Standardized Testing, Answer This

In a survey presented by ChildLine entitled “The ChildLine National Exam Stress Survey”, 96% of the 1300 students who participated in the survey felt stress and anxiety towards taking standardized tests. Due to the No Child Left Behind Act of 2002, schools are required to give standardized tests to the students annually on mathematics and language arts. However, standardized tests are an inefficient way to test the knowledge the students learn over the course of the school year. It forces the quality of teaching to decrease monumentally, for teachers are forced to teach students what will be on the standardized tests at a pace that may be displeasing to both the teacher and student. Ultimately, standardized testing should not be the assessment used to test students’ understanding of school topics.

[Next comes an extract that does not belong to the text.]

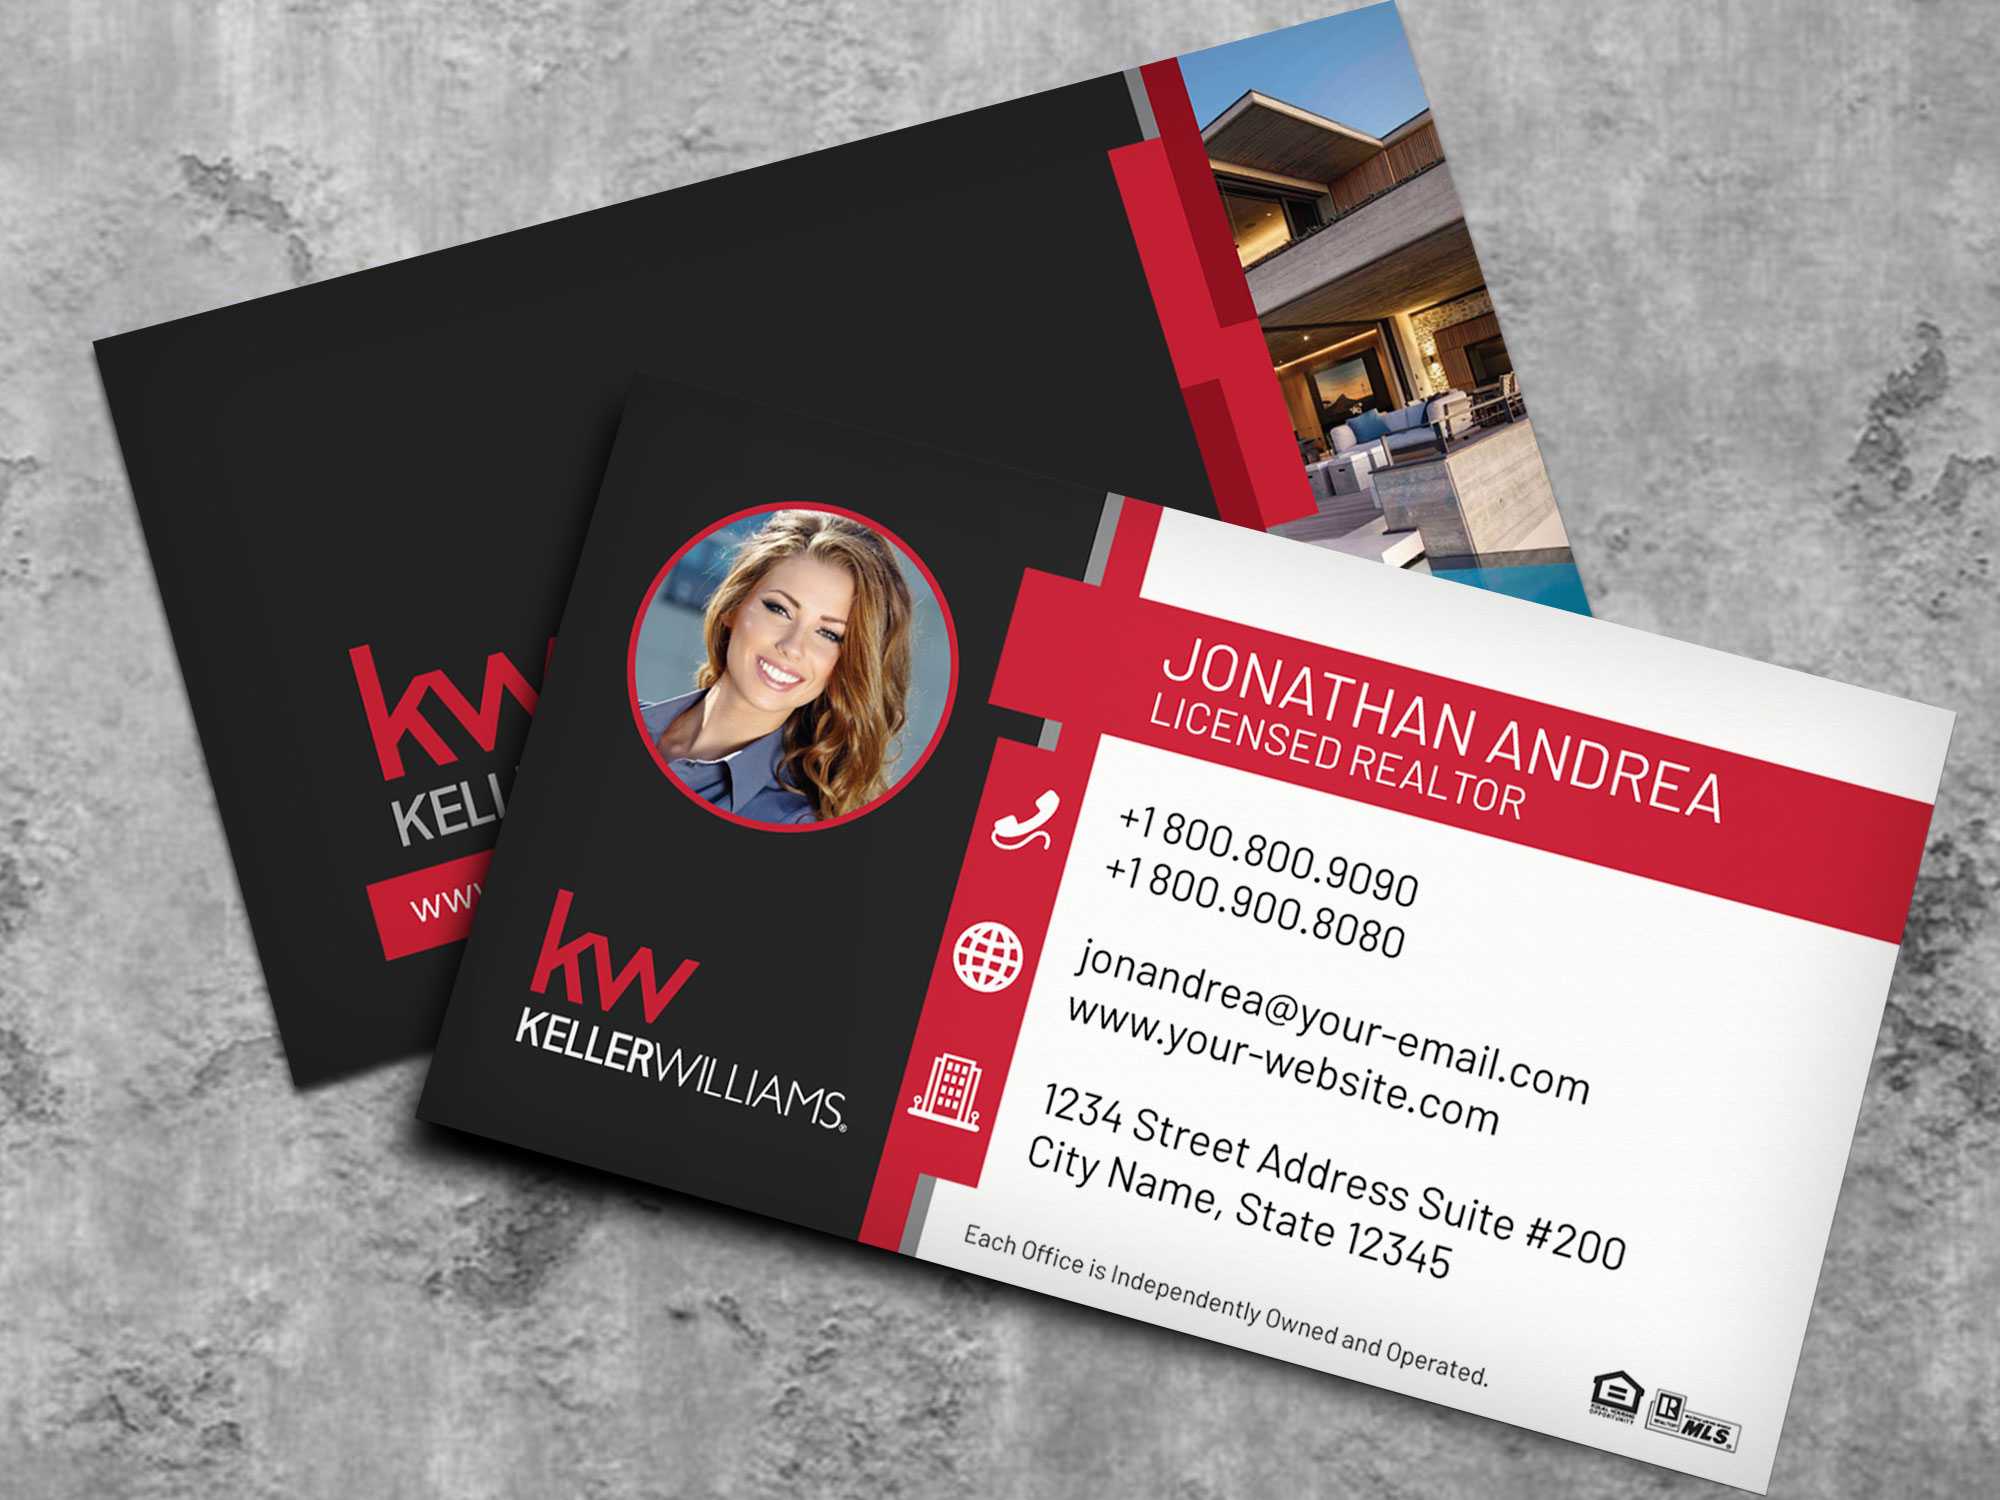 Keller Williams Business Card Template Bc19702Kw Intended For Keller Williams Business Card Templates

The idea of giving the same test to students nationwide seems beneficial to evaluate a teacher’s teachings as well as the student’s knowledge; however it has its downfalls. Studies have been done by researchers at the Massachusetts Institute of Technology, Harvard University and Brown University in which they tested 1,400 students in the Boston public school system. After analyzing the schools and standardized test scores, the researchers came to the conclusion that although Boston schools were able to raise their students’ test scores on the Massachusetts Comprehensive Assessment System state test, there was no improvement in the students’ “fluid intelligence” or the ability to reason quickly and abstractly. Standardized testing is pushing students to artificially think. They push for students to think in the same way, but in doing this, it destroys students’ creativity. If they were beneficial to students, researchers would see an increase in students’ “fluid intelligence” and not just their test scores.

Although standardized testing may be seen as a way to allow students to see their levels of intelligence and give them a reason to push themselves academically, it is not. Standardized testing causes more harm than good. It creates stress and anxiety within students, as the scores of the tests determine their future. Not all students function well during tests, as they become nervous. Standardized testing does not acknowledge outside factors during the time the test is taken, such as physical, mental, home, and school factors. These conditions should be taken into consideration when the test is graded, but they aren’t; machines are used to grade the tests instead of the people who actually created the test.

It is clear that standardized testing isn’t how students should be analyzed. They are not beneficial to the student or teacher, who are the most important parties involved in the system of standardized testing. The foundation of education is for students to learn about the world around them, not to test whether or not they are able to answer a set of multiple choice questions in an allotted time. Standardized tests are unreliable, and frankly, they should have never been given in the first place.